DOYANDUIT – IHSG hari ini bergerak menguat dan menembus rekor tertinggi baru di level 8.689, menunjukkan kepercayaan pasar yang masih solid pada penghujung pekan.
Berdasarkan data perdagangan sesi pagi, indeks dibuka di 8.658,89, lalu sempat naik ke 8.676,07 sebelum menyentuh titik puncak di 8.689,10.
Penguatan ini mencerminkan respons positif investor terhadap stabilitas makroekonomi menjelang akhir tahun. Konsistensi dana asing dan perbaikan kinerja emiten menjadi pendorong utama reli IHSG menjelang penutupan 2025.
Total transaksi mencapai 6,999 miliar saham dengan nilai Rp2,858 triliun, memperlihatkan likuiditas tinggi sejak pembukaan pasar.
Sebanyak 290 saham menguat, 240 saham melemah, dan 426 saham stagnan. Kondisi ini menggambarkan sentimen positif yang merata di sejumlah sektor utama, termasuk infrastruktur, keuangan, dan teknologi.
Sektor Sekaligus Saham yang Menggerakkan IHSG Hari Ini
Infrastruktur dan Keuangan Jadi Motor Kenaikan
Sektor infrastruktur memimpin penguatan dengan kenaikan 1,60%, sedangkan sektor keuangan naik 0,87%. Keduanya menjadi penyumbang terbesar terhadap reli IHSG hari ini.
Sektor teknologi juga bergerak positif 0,22%, mencerminkan minat investor yang tetap tinggi pada saham-saham berbasis layanan digital.
Data historis sektor menunjukkan tren menarik.
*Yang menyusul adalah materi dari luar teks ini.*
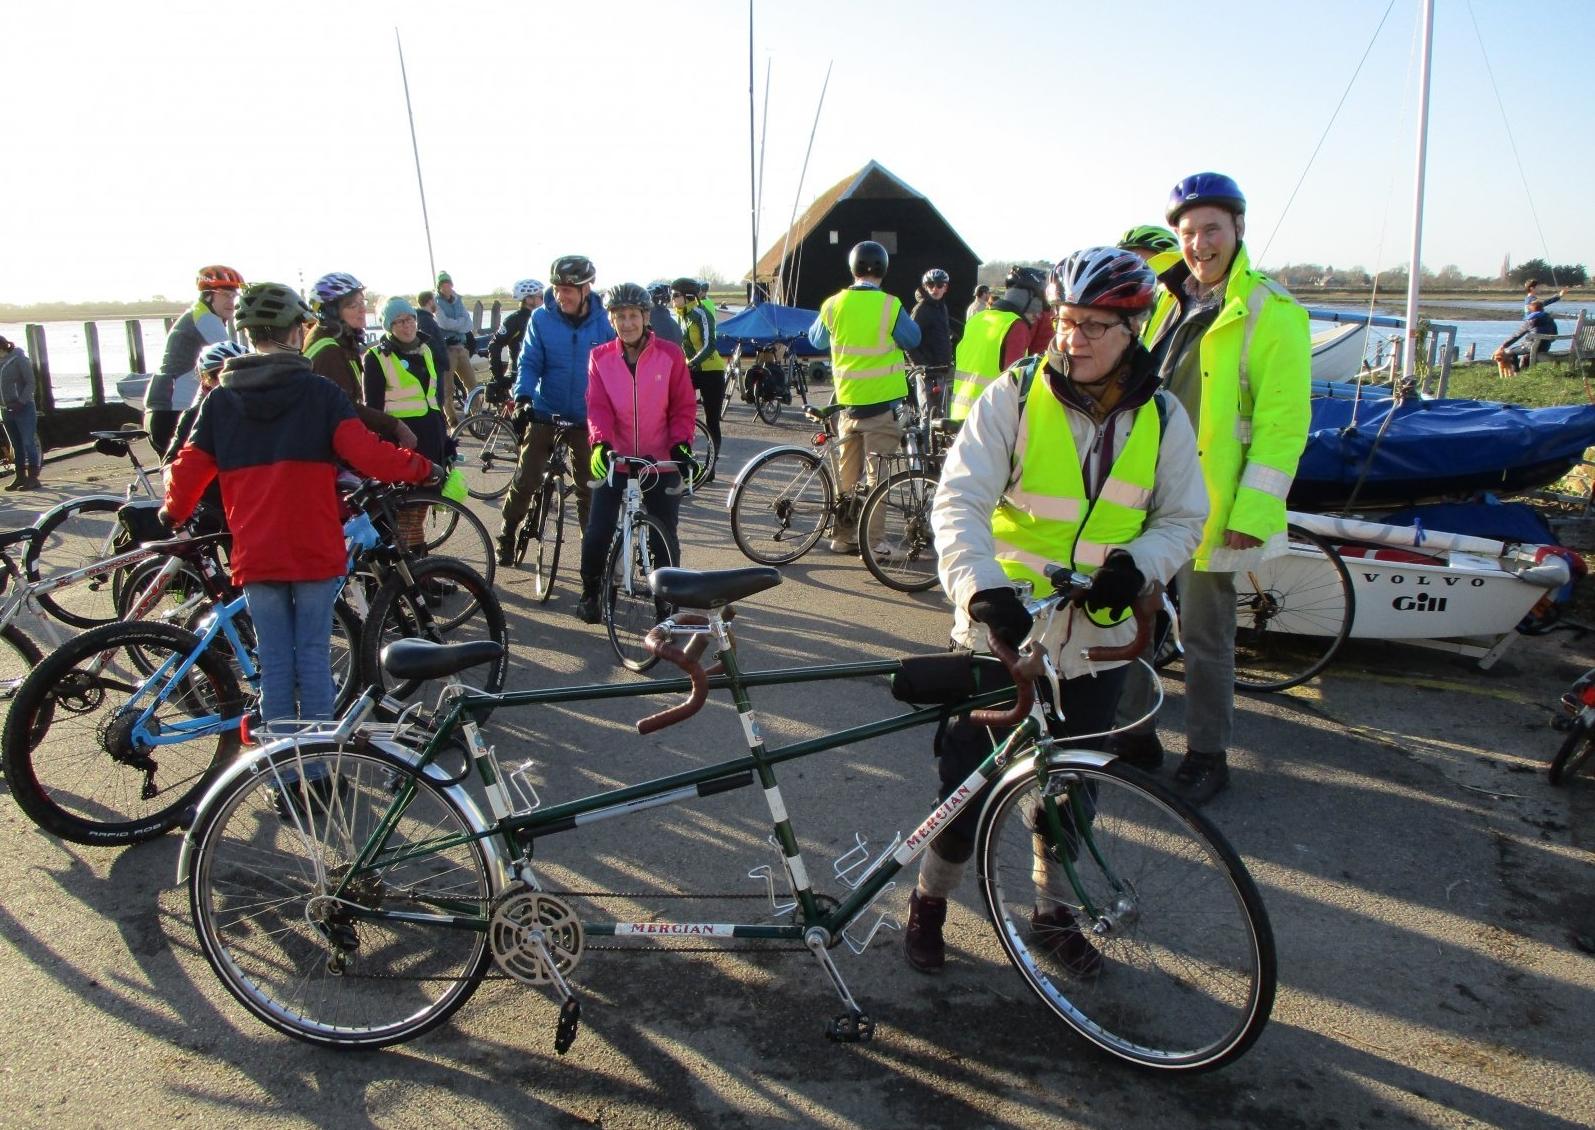 Following the death of well-known Bosham cyclist Gina McWilliam, a group of campaigners paid their respects and appealed for changes to the ‘inadequate’ road system at a well-attended event on Sunday. SUS-200122-104720001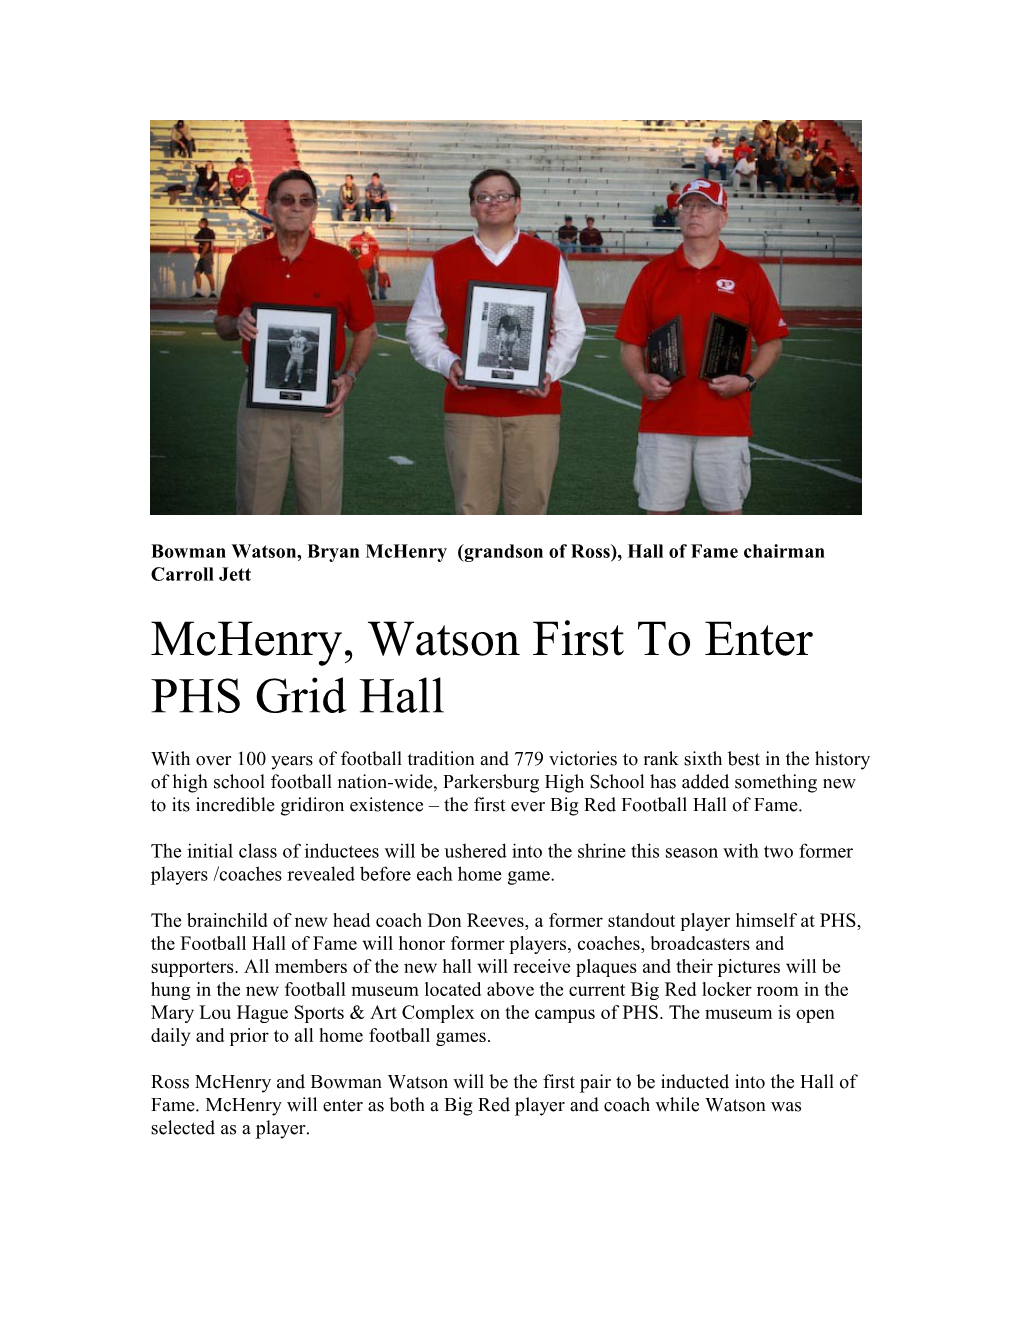 Mchenry, Watson First to Enter PHS Grid Hall

Dalam setahun terakhir:
- Sektor teknologi tumbuh +305,41%
- Sektor komunikasi melonjak +562,35%
- Sektor mineral non-energi naik +122,27%
Kenaikan jangka panjang ini memperkuat keyakinan bahwa diversifikasi sektor menjadi kunci strategi investasi di pasar Indonesia.
Saham Top Gainers dan Losers IHSG Hari Ini
Emiten Besar yang Menguat
Beberapa saham berkapitalisasi besar mencatat penguatan signifikan, seperti:
- EXCL naik 15,22% ke Rp3.330
- PGEO menguat 4,74% ke Rp1.215
- ASII naik 1,86% ke Rp6.850
Penguatan EXCL menjadi sorotan karena persentase kenaikannya jauh di atas rata-rata saham LQ45.
Saham yang Melemah
Di sisi lain, beberapa saham mencatat koreksi, antara lain:
- HEAL turun 2,07%
- KLBF terkoreksi 1,68%
- UNVR melemah 1,44%
Koreksi ini relatif wajar mengingat volatilitas perdagangan dan faktor rotasi sektor menjelang akhir tahun.
Daftar Saham Paling Aktif dan Paling Volatil
Saham dengan Volume Tertinggi
- CUAN +5,95%
- DEWA –2,80%
- BUMI –0,83%
- IMPC +5,81%
- FILM +1,91%
Saham Paling Volatil
- NATO –5,98%
- ASPI –13,47%
- TRON +32,20%
- LAPD +17,24%
- GOLF +0,70%
Volatilitas tinggi ini umumnya dipicu oleh aksi ambil untung, sentimen jangka pendek, atau pergerakan spekulatif.
Kinerja Sektor dalam Jangka Panjang
Tabel ringkas berikut menggambarkan performa beberapa sektor kunci dalam horizon lebih panjang:
| Sektor | 1 Bulan | 6 Bulan | 1 Tahun | 5 Tahun | 10 Tahun |
|---|---|---|---|---|---|
| Finansial | +4,89% | +50,48% | +59,66% | +154,97% | +639,50% |
| Mineral Energi | +10,07% | +48,17% | +82,78% | +3.092,78% | +4.305,76% |
| Teknologi | +1,23% | +69,39% | +305,41% | +26.791,95% | +26.264,02% |
| Komunikasi | +91,64% | +507,94% | +562,35% | +471,75% | +532,79% |
Data ini menunjukkan bahwa sektor teknologi dan energi masih menjadi lokomotif reli panjang bursa Indonesia.
IHSG hari ini yang mencetak rekor baru ke 8.689 menegaskan bahwa momentum pasar saham Indonesia masih sangat kuat. Dengan dukungan sektor infrastruktur, keuangan, dan teknologi, indeks tampak solid memasuki akhir 2025.
Bagi investor, pemahaman terhadap dinamika sektor dan volatilitas saham individu menjadi kunci dalam mengambil keputusan yang lebih cerdas.